→ WHAT NEEDS TO BE DONE: Print the whole listing again exactly as it stands, leaving out any images.

→ GIVEN MATERIAL:

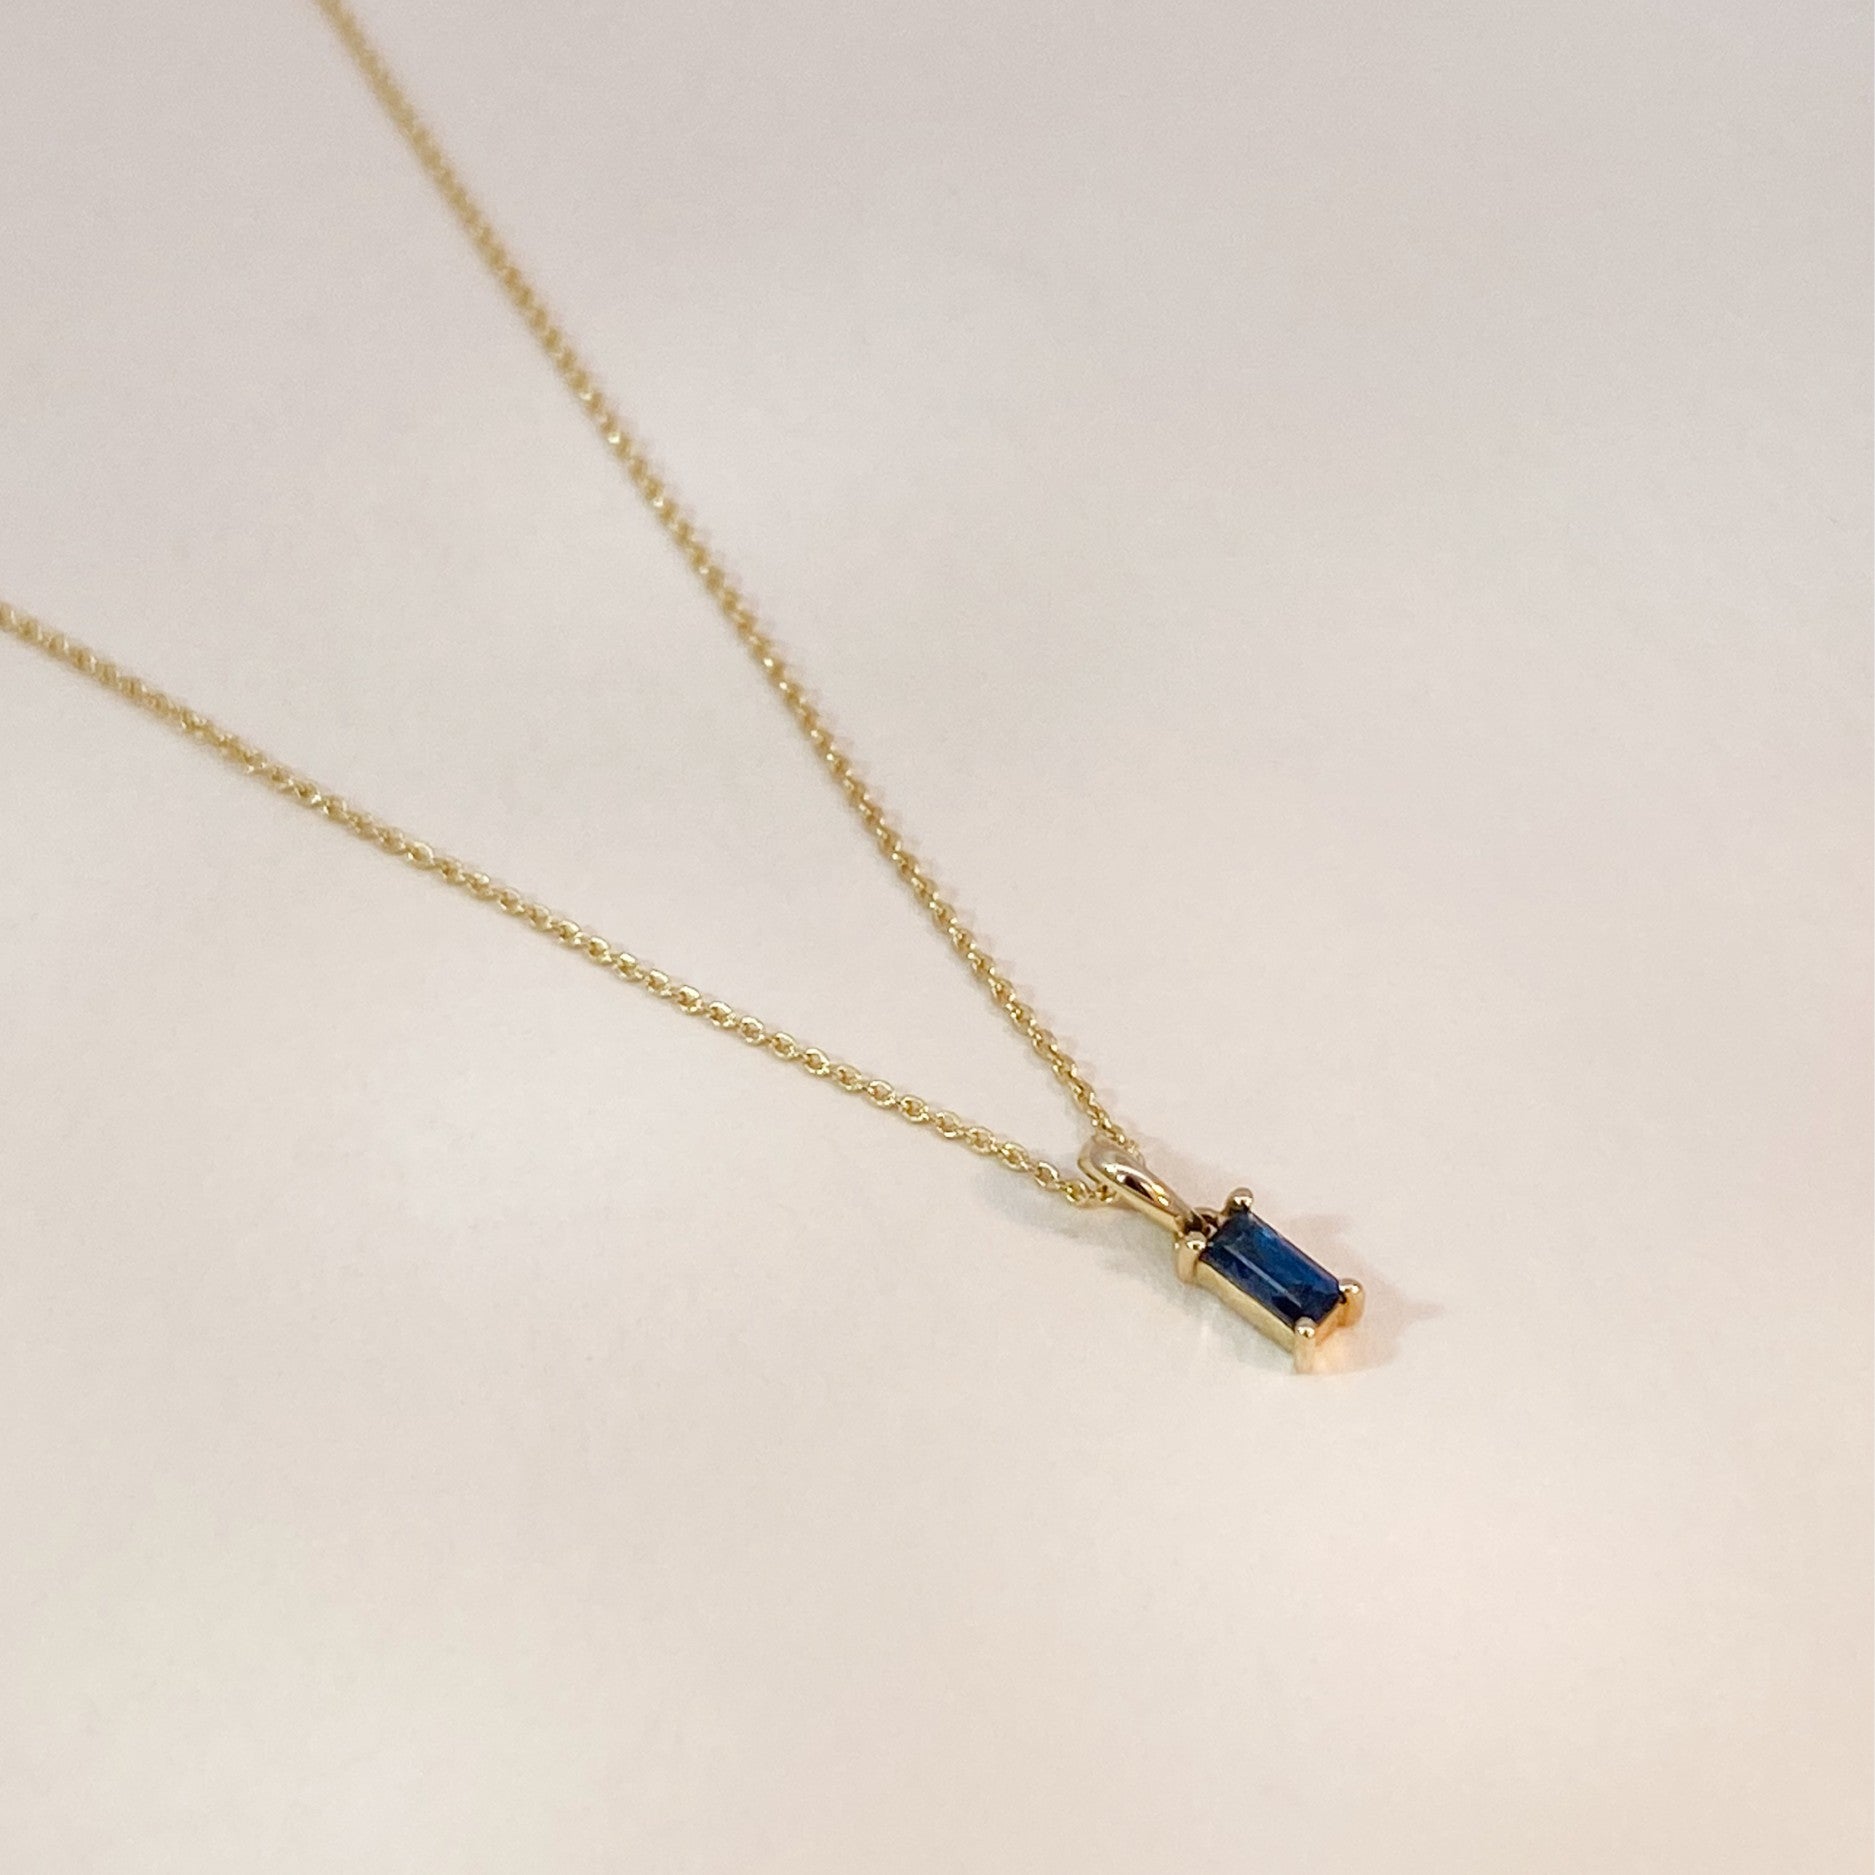 Birthstone necklace september sapphire
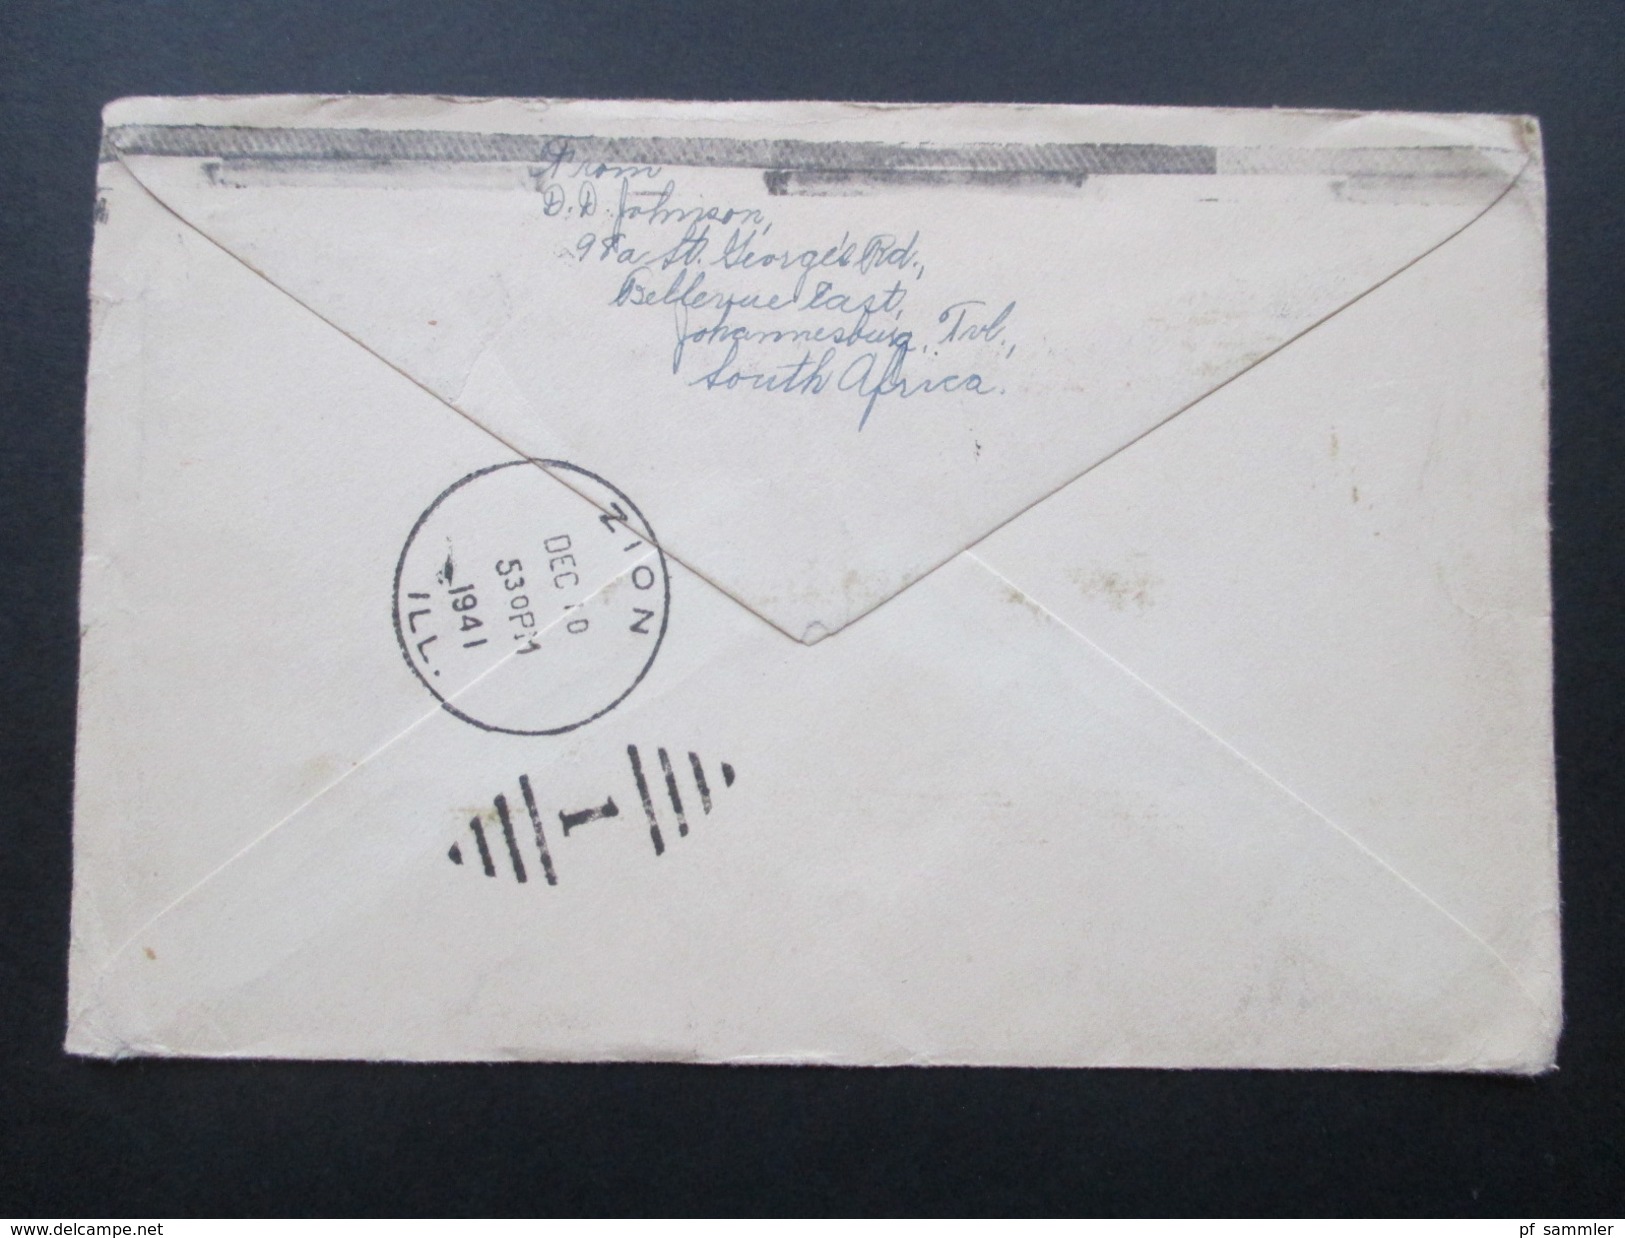 Suid-Afrika 1941 Brief Von Johannesburg - Zion Ill. USA Forwarded To 1004 Nevada - Storia Postale
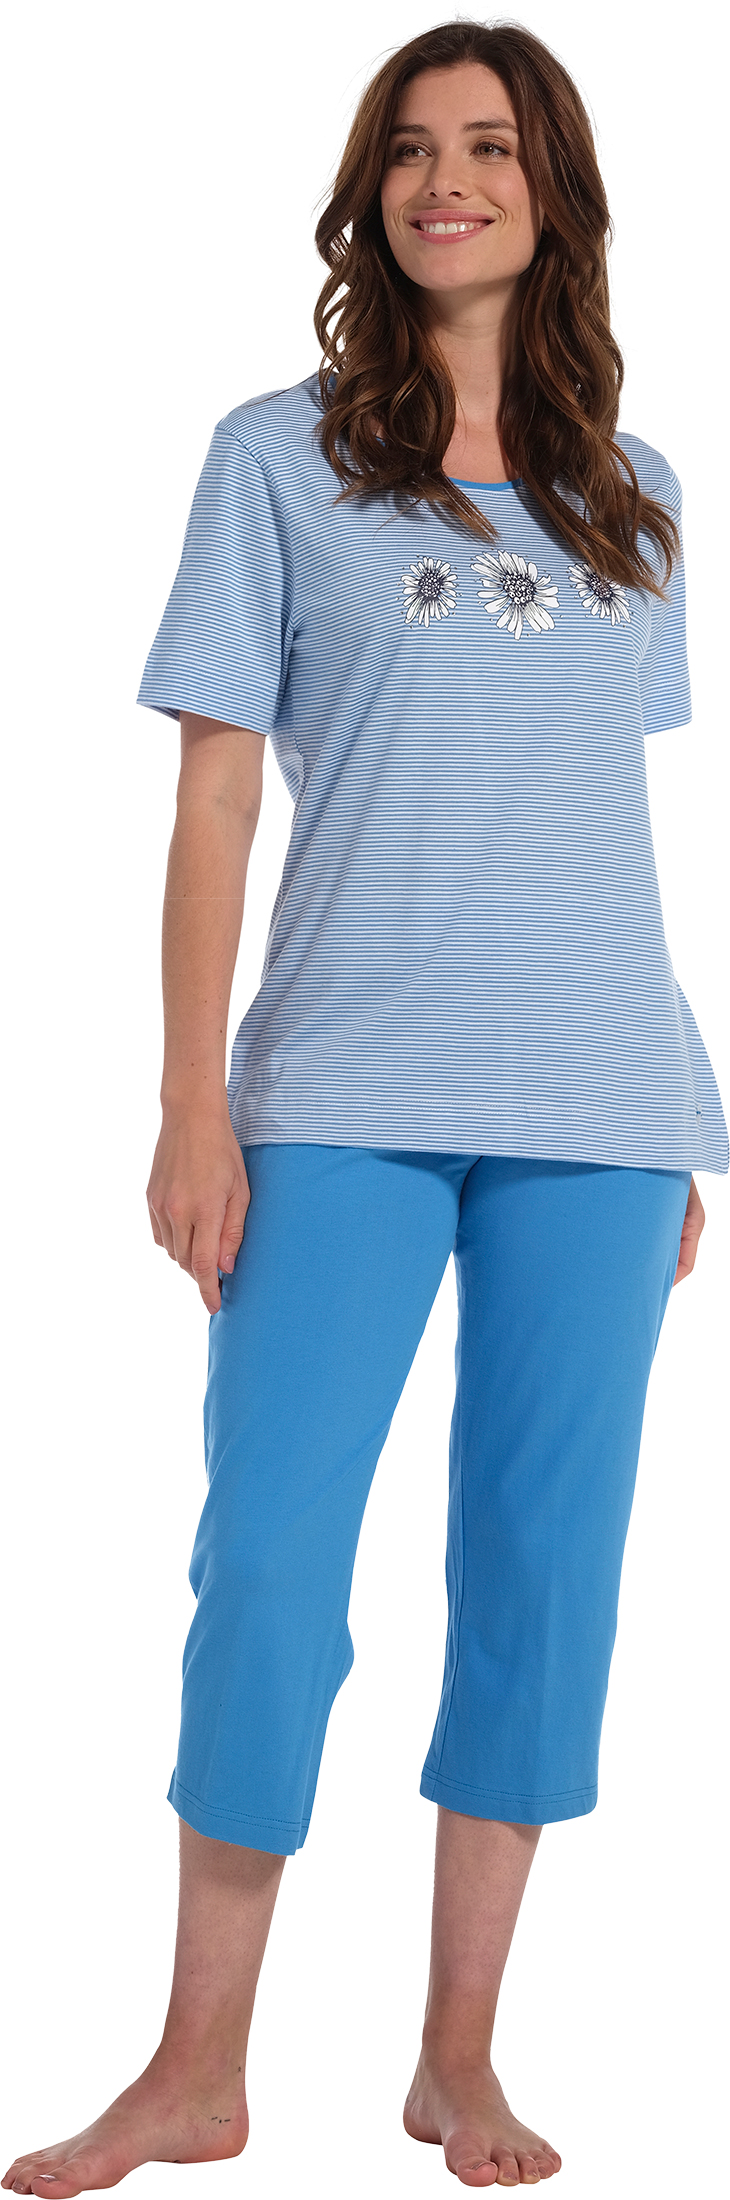 Pastunette dames pyjama capri 20231-130-2 - Blauw - 52
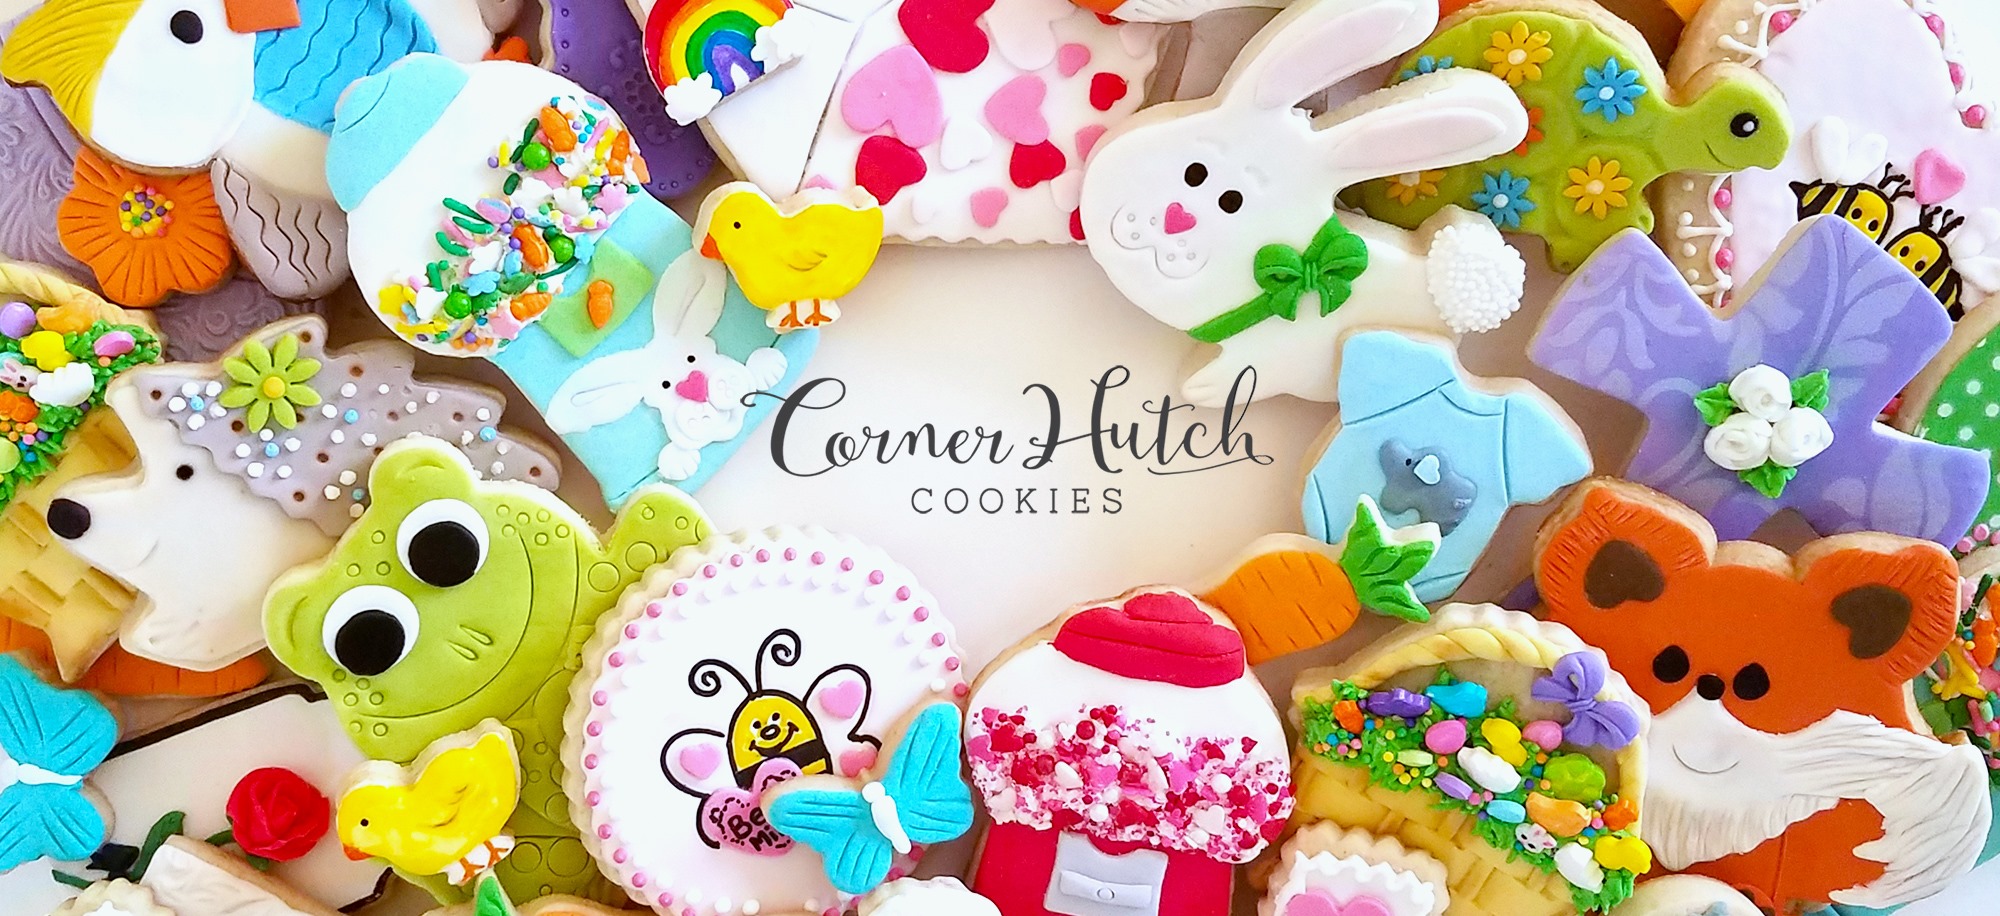 Corner Hutch Cookies LLC

→ OUTPUT OF THE TASK:
 Birthstone necklace september sapphire
 Suid-Afrika 1941 Brief Von Johannesburg - Zion Ill. USA Forwarded To 1004 Nevada - Storia Postale
 Pastunette dames pyjama capri 20231-130-2 - Blauw - 52
 Corner Hutch Cookies LLC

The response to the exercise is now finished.